The API is formalized in the GraphDriverBaseClass base class that defines abstract and derived methods required for the dict-like API similar to the ‘MutableMapping’ abstract base class from the collections module. The data stores are decoupled from the main graph object structure by weak referencing through Pythons weakref module.

The GraphDriverBaseClass uses data ‘views’ to allow instances of the driver class to represent a subset of nodes/edges while still having the same weak reference to the full data storage object. A ‘view’ is a simple list (_view) storing the node/edge primary keys.

The GraphDriverBaseClass facilitates easy creation of different storage backends that can be transparently used as Python dictionaries in graphit graphs.

Note

The developer of new a new storage driver is responsible for initializing an empty ‘_view’ list and providing support for ‘views’ in the implementation of the abstract methods.
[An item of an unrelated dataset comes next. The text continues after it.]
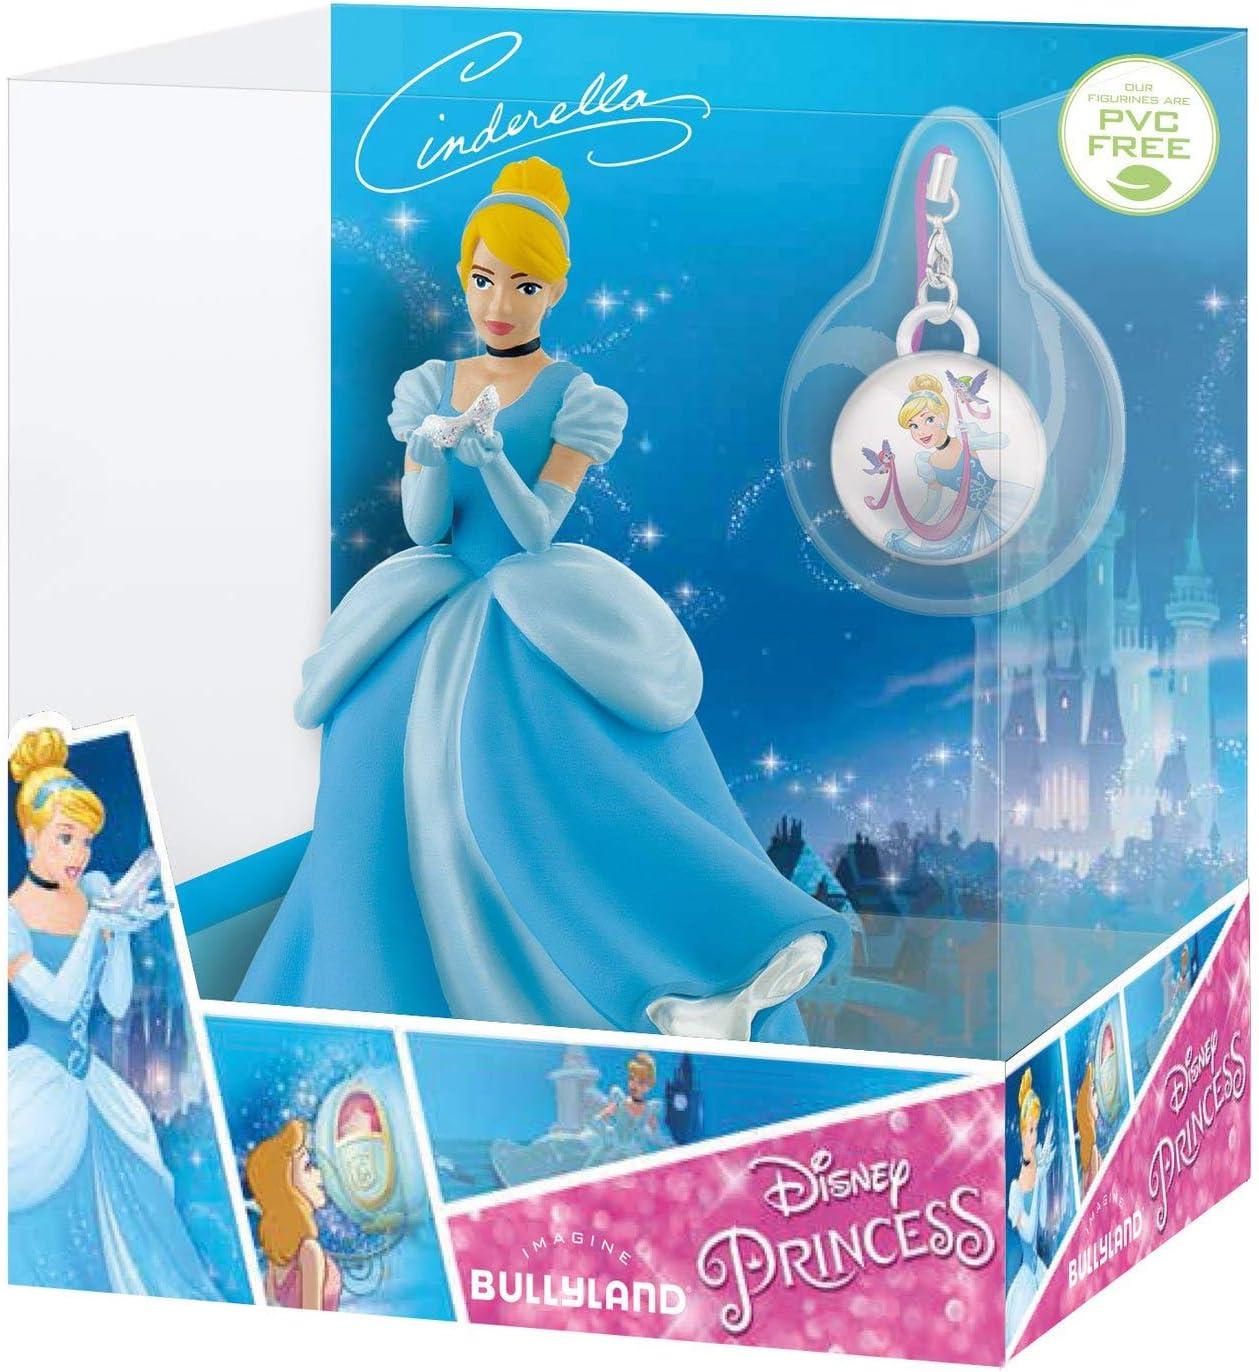 Cinderella Candy Bag Topper Chalkboard Cinderella Ziptop Bag Topper Cinderella Birthday Party Printable 100442 Disney Princess Favor

class graphit.graph_storage_drivers.graph_driver_baseclass.GraphDriverBaseClass

Bases: collections.abc.MutableMapping

Abstract base class for graph data storage drivers

This is the boilerplate class for the implementation of node and edge storage driver classes in graphit. It exposes a Python dict-like API by using the ‘MutableMapping’ abstract base class from the ‘collections’ module. In addition it implements support for several methods to provide support for list-like method and rich set-like comparison methods.

The following abstract methods from the ‘MutableMapping’ class are required:

  • __getitem__, __setitem__, __delitem__, __iter__, __len__

The following abstract methods for dictionary ‘view’ like iteration are required:

  • iterkeys, itervalues, iteritems

All other methods are derived from the abstract methods but may be overloaded if it benefits efficiency for a given storage backend for instance.

Note

please note that the ‘GraphDriverBaseClass’ uses data ‘views’ to allow instances of the driver class to represent a subset of nodes edges while still having the same weak reference to the full data storage object. A ‘view’ is a simple list (_view) storing the node edge primary keys. The empty ‘_view’ list needs to be initialized by the storage driver and support for ‘views’ needs to be implemented for the abstract methods.

copy()

Return a deep copy of the storage class with the same view as the parent instance.

Returns

deep copy of storage instance

Return type

DictStorage

abstract del_data_reference(target)

Remove JSON $ref data reference in target

Parameters

target – key of target to remove $ref from

difference(other)

Return the difference between the key set of self and other

Return type

:py:class:set

fromkeys(keys, value=None)

Return a shallow copy of the dictionary for selected keys.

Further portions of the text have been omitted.